TIs e erradicação da vida pública
As novas tecnologias de comunicação são fundamentais para a erradicação da “vida pública” de todas as pessoas. Isso facilita o florescimento de uma instituição militar high-tech permanente, com prejuízos culturais e econômicos para a maioria das pessoas, mas especialmente para as mulheres. (p. 73)
Videogames ~ competição e militarização.
Tecnologias como videogames e aparelhos de televisão extremamente miniaturizados parecem cruciais para a produção de formas modernas de “vida privada”. A cultura dos videogames é fortemente orientada para a competição individual e para a guerra espacial. Desenvolve-se, aqui, em conexão com a dinâmica de gênero, uma imaginação high-tech, uma imaginação que pode contemplar a possibilidade da destruição do planeta, permitindo, como se fosse uma ficção científica, que se escape às suas consequências (p. 73)
Sexualidade ~ instrumentalidade [~Dardot e Laval sobre dispositivos de desempenho e gozo]
As novas tecnologias afetam as relações sociais tanto da sexualidade quanto da reprodução, e nem sempre da mesma forma. Os estreitos vínculos entre a sexualidade e a instrumentalidade – uma visão sobre o corpo que o concebe como uma espécie de máquina de maximização da satisfação e da utilidade privadas – são descritos de forma admirável, nas histórias sociobiológicas sobre origem que enfatizam o cálculo genético e descrevem a inevitável dialética da dominação entre os papéis sexuais feminino e masculino. (p. 74)
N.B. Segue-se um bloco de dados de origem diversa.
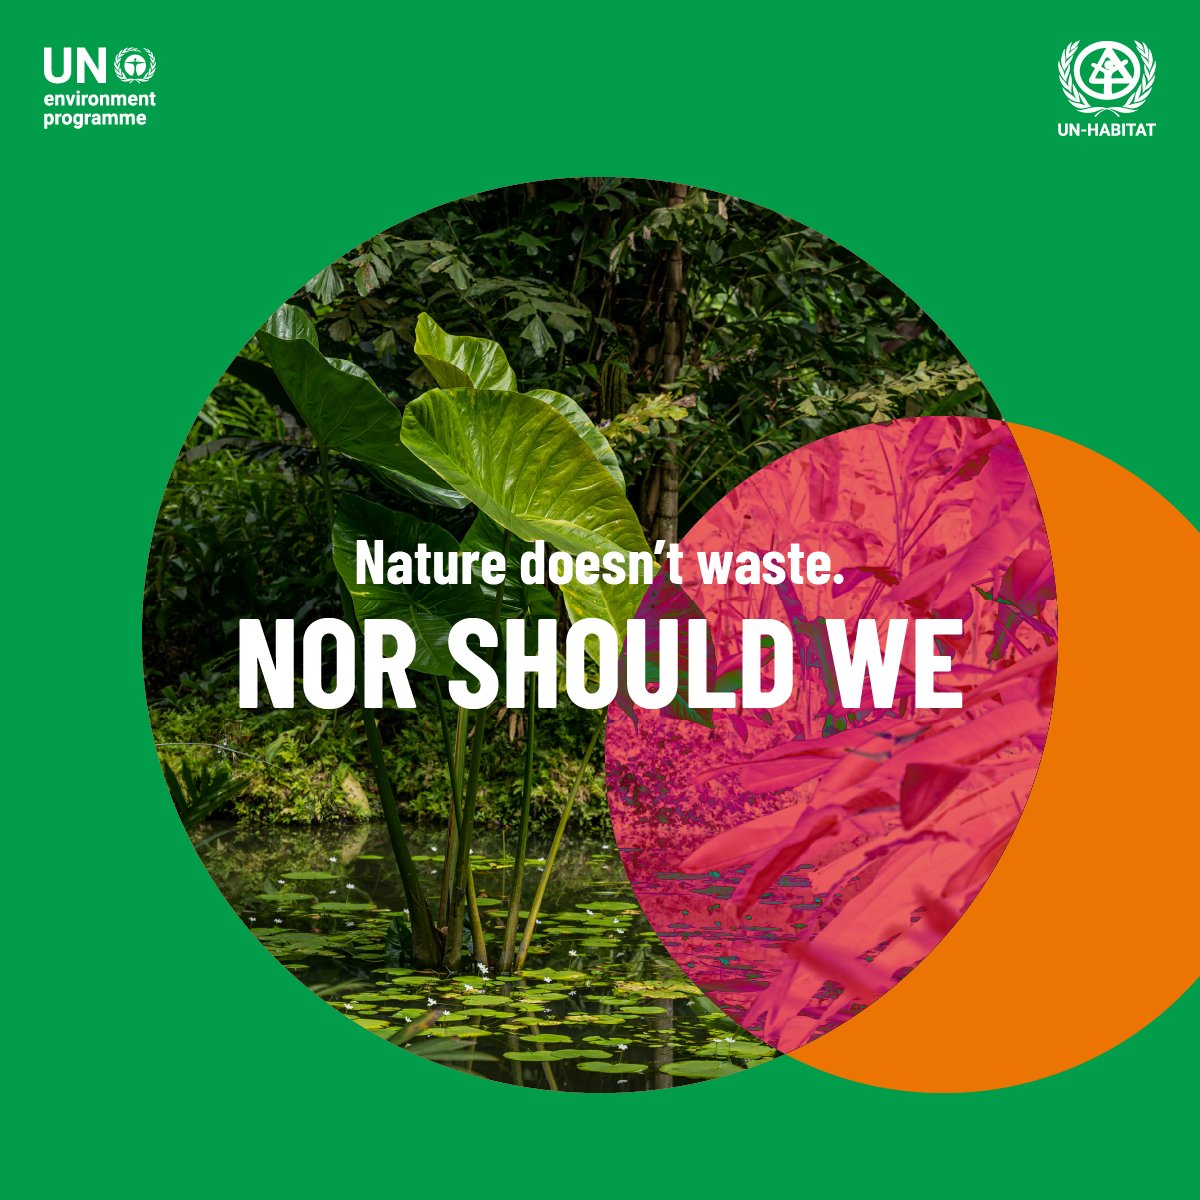 From governments and businesses to consumers – everyone can play their part to prevent and #BeatWastePollution. 30 March is #ZeroWasteDay. Here’s what you need to know about the global waste crisis & ways to tackle it: unep.org/events/un-day/…

Visualização e intervenção do corpo da mulher com as tecnologias contemporâneas
Essas histórias sociobiológicas baseiam-se em uma visão high-tech do corpo – uma visão que o concebe como um componente biótico ou como um sistema cibernético de comunicação. Uma das mais importantes transformações da situação reprodutiva das mulheres dá-se no campo médico, no qual as fronteiras de seus corpos se tornam permeáveis, de uma nova forma, à “visualização” e à “intervenção” das novas tecnologias. Obviamente, saber quem controla a interpretação das fronteiras corporais na hermenêutica médica é uma questão feminista importantíssima. (p. 74)
Rede ideológica [~Chiapelo & Boltanski ?]
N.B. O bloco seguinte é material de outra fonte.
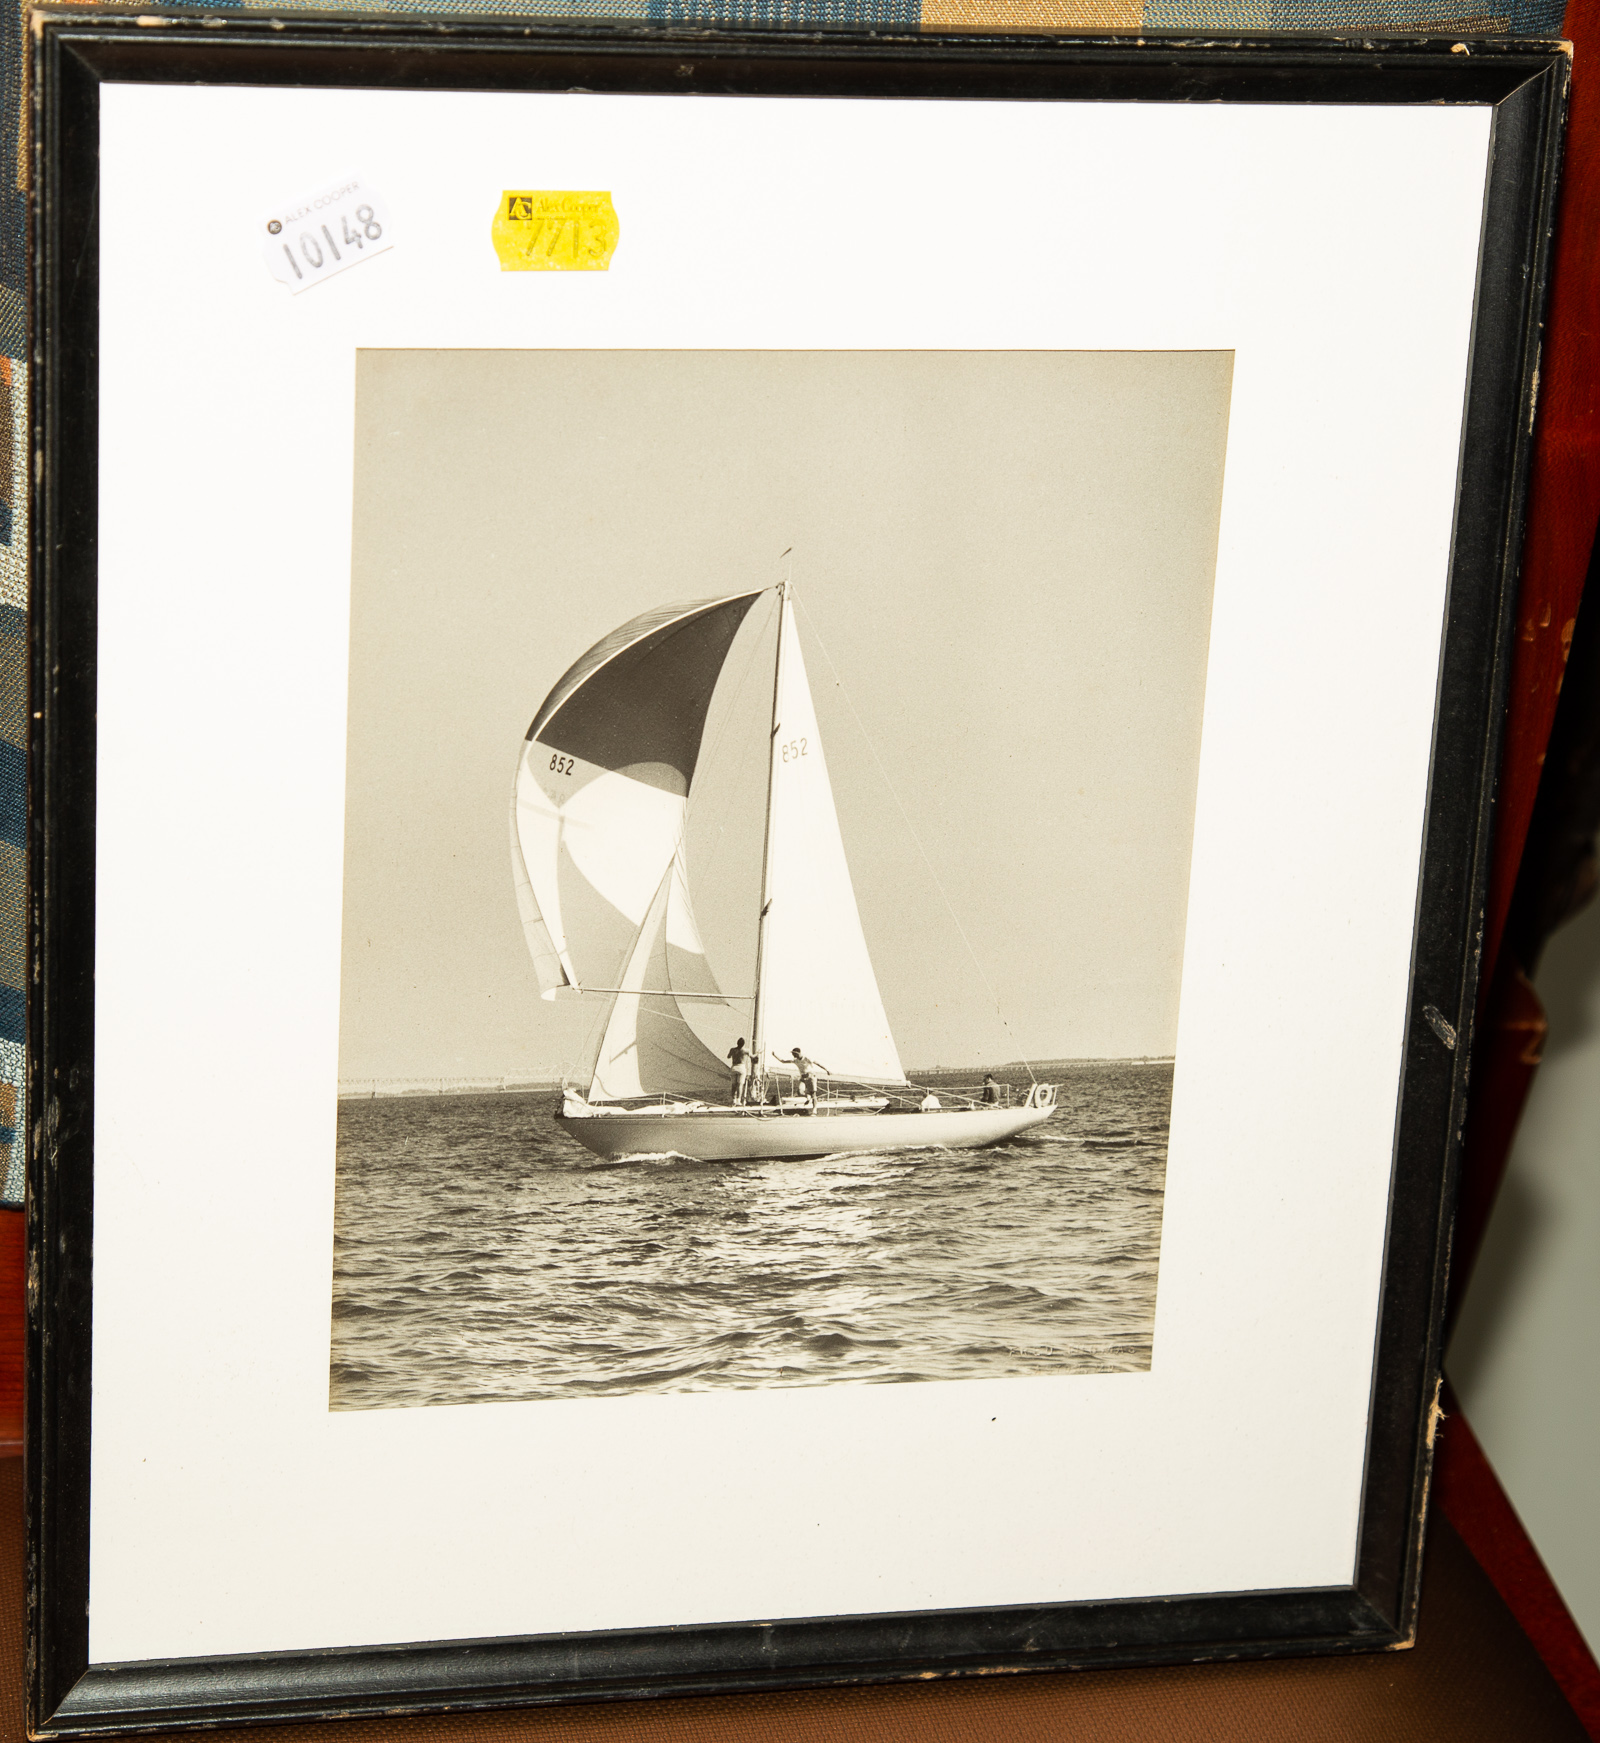 FRAMED PHOTOGRAPH OF A SAILBOAT

Se foi, alguma vez, possível caracterizar ideologicamente as vidas das mulheres por meio da distinção entre os domínios público e privado, uma distinção que era sugerida por imagens de uma vida operária dividida entre a fábrica e a casa; de uma vida burguesa dividida entre o mercado e a casa; de uma vida de gênero dividida entre os domínios pessoal e político, não é suficiente, agora, nem mesmo mostrar como ambos os termos dessas dicotomias se constroem mutuamente na prática e na teoria. Prefiro a imagem de uma rede ideológica – o que sugere uma profusão de espaços e identidades e a permeabilidade das fronteiras no corpo pessoal e no corpo político. A ideia de “rede” evoca tanto uma prática feminista quanto uma estratégia empresarial multinacional – tecer é uma atividade para ciborgues oposicionistas. (p. 76)
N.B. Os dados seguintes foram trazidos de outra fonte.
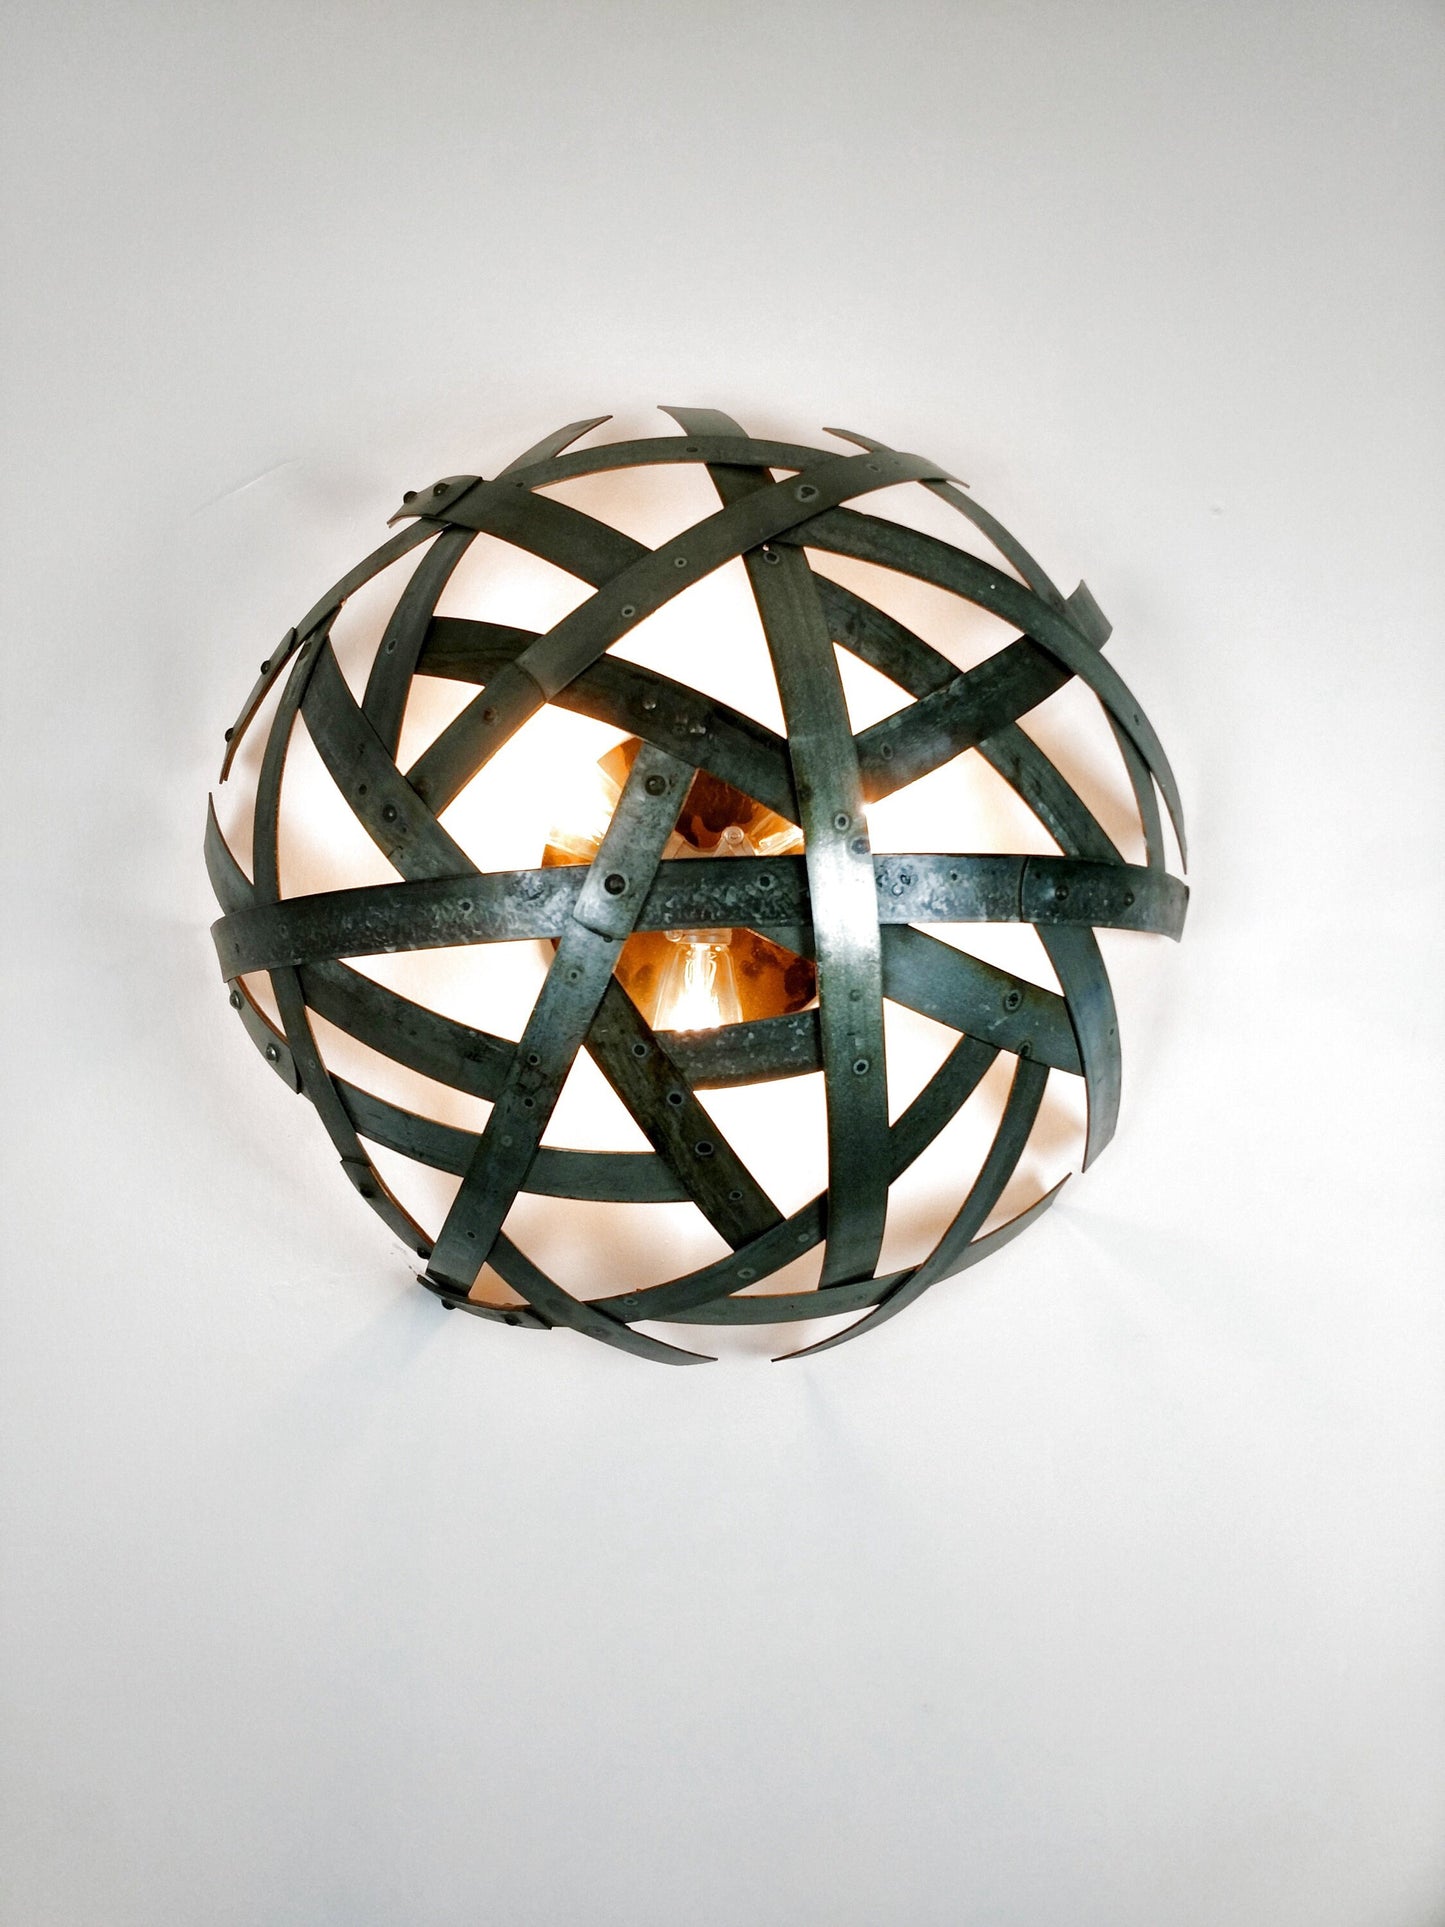 Wine Barrel Ring Sconce or Flush Mount Light - Kansi - Made from retired CA wine barrel rings. 100% Recycled!

Entretanto, não há nenhum “lugar” [[ das mulheres no circuito integrado: Casa, Mercado, Local de Trabalho Assalariado, Estado, Escola, Hospital-Clínica e Igreja. ]] para as mulheres nessas redes, apenas uma geometria da diferença e da contradição, crucial às identidades ciborguianas das mulheres. Se aprendermos a interpretar essas redes de poder e de vida social, poderemos construir novas alianças e novas coalizões. Não há como ler a seguinte lista a partir de uma perspectiva identitária, a partir da perspectiva de um eu unitário. O importante é a dispersão. A tarefa consiste em sobreviver na diáspora. (p. 77)
Informática da dominação como intensificação da insegurança e empobrecimento cultural, com um fracasso de redes de subsistência
A única forma de caracterizar a informática da dominação é vê-la como uma intensificação massiva da insegurança e do empobrecimento cultural, com um fracasso generalizado das redes de subsistência para os mais vulneráveis. (p. 80)
Dificuldades dos marxismos em compreender a relação dominação-(falsa)consciência [crítica à noção de ideologia e alienação ?]
Por excelentes razões, os marxismos veem melhor a dominação, mas têm dificuldades em compreender a falsa consciência e a cumplicidade das pessoas no processo de sua própria dominação, no capitalismo tardio. É importante lembrar que o que se perde, com esses rearranjos, especialmente do ponto de vista das mulheres, está, com frequência, ligado a formas virulentas de opressão, as quais, em face da violência existente, são nostalgicamente naturalizadas. A ambivalência para com as unidades rompidas por meio das culturas high-tech exige que não classifiquemos a consciência entre, de um lado, uma “crítica lúcida, como fundamento de uma sólida epistemologia política” e, de outro, uma “consciência falsa e manipulada”, mas que tenhamos uma sutil compreensão dos prazeres, das experiências e dos poderes emergentes, os quais apresentam um forte potencial para mudar as regras do jogo. (p. 81-2)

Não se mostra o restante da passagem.